As a Professional Pet Sitter, we require a minimum of once/day 30 minute visits for our cat clients. We do not accept every-other day assignments. Why not?

3 Reasons we MUST visit a cat at least once a day:

Trapped cat: on more than one occasion when visiting a cat for the first visit, we have discovered a cat trapped – inside a cupboard, inside a closet, inside a bedroom. Pet owners may be in a hurry when leaving for vacation or a business trip and sometimes don’t do a visual check for their cats.  The occasion of the cat being trapped in a cupboard was due to a cleaning crew coming in between our pet sit visits.  A crewmember left the cupboard open to get supplies out and left the cupboard open.  Upon leaving they closed the cupboard, not realizing one of the cats had climbed in and was hiding inside.  When our pet sitter arrived later in the day for their visit, they could not find the cat.  After an hour in panic-mode we finally found her.  Another cat client was left in the Master bedroom closet when the owner left the house.  Luckily we had a same day pet sit and when we could not locate this particular cat, we began the search.  It took a few pet sitter helpers to locate that cat – hid way in the back of the closet.  Scared but safe.  Our motto is even if you have a shy cat that won’t come out, we want to eyeball or see them before we leave.  Just to make sure they aren’t trapped somewhere.  kitty was trapped in a closet

Sick cat: when you have a regular professional pet sitter, who knows your cats and personalities, they can spot when a cat is not acting “like themselves”. Just like a pet parent knows when their baby isn’t feeling well.  Over the Christmas holidays, we cared for a cat that is very friendly, outgoing, and social.  So when our pet sitter visited the cat, and could not locate him, she became concerned.  She found him in the owner’s closet.  Not trapped, but not acting like his normal happy self.  He wouldn’t eat, when in the past he was the first to the wet food dish she set out.  We returned later in the day and the cat was still not himself. So we contacted the owner and the vet.  We were able to get the cat to the vet right before the Holiday closure and he was given antibiotic shots.  He had come down with a virus.  The next day he was so much better.  Ironically, 2 days later, his kitty sibling contracted the same virus.  We knew the signs and were able to get her immediately into the vet.  Given the holiday schedules, we were fortunate we could time the visits such that we were able to get them in before the Vet closed shop for the holidays.  We have encountered other sick cats.  When we visit every day, we are able to see if there are signs they are deficating ok – urine and waste in the litter box.  If we see no urine, it is an indication of a serious health issue and the cat needs to see the vet immediately.  Same with a cat who is “blocked up”.  A simple phone call to the vet can determine if the situation warrants keeping an eye on the cat or bringing them right in.

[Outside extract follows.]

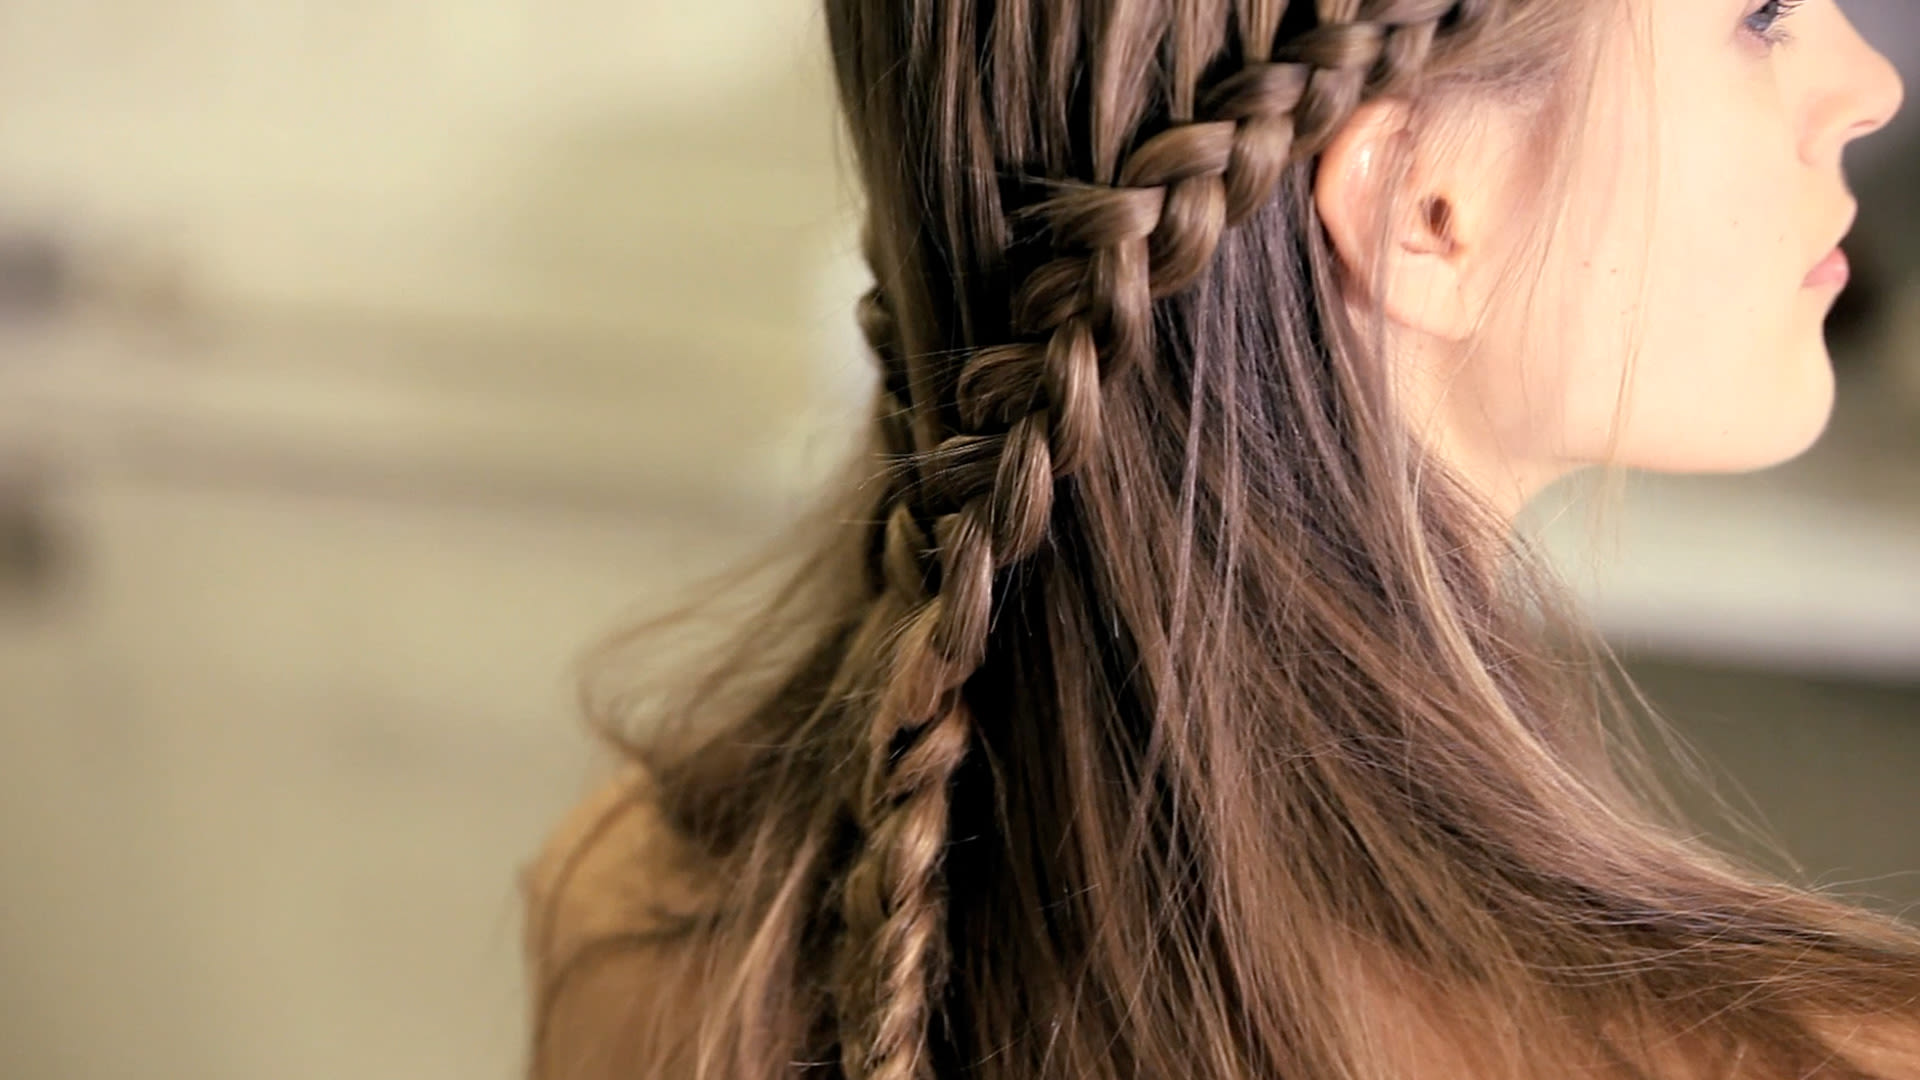 Watch The Double Braid | The Monday Makeover | Vogue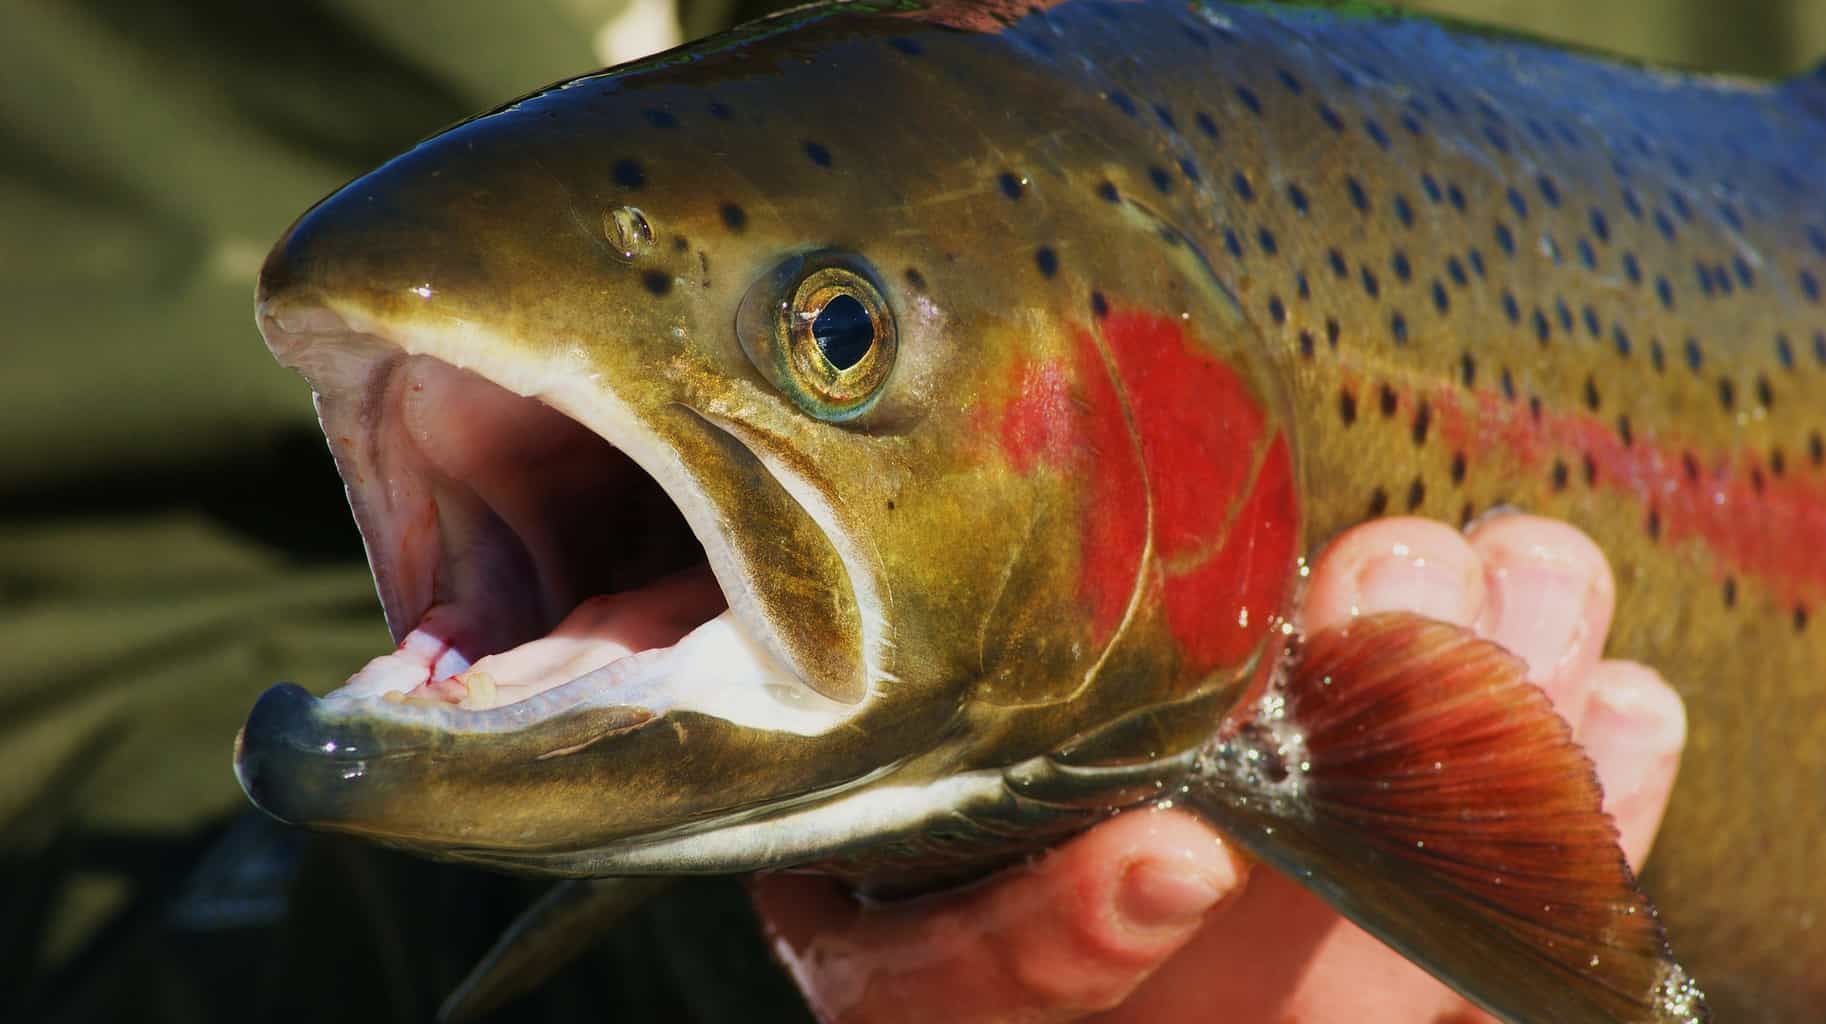 A closeup of a brightly colored trout.

Broken Air Conditioning or heating systems: Living in the desert, we instantly feel when our Air Con systems are on the fritz.  Homes can easily turn into ovens without the proper ventilation.  One of the things our pet sitters check each visit is the comfort of the home for the pet.  If it is very hot inside the home, we check thermostats to see if systems are running.  If they are running, but not set low enough to provide comfort for the pet, we will adjust them accordingly, letting the client know we have done so.  On a few occasions we have discovered broken Air Conditioning systems alerting the home owner of the issue so they can have workers at the home ASAP.  We will even make ourselves available if we need to be present to get the system fixed prior to the client’s return.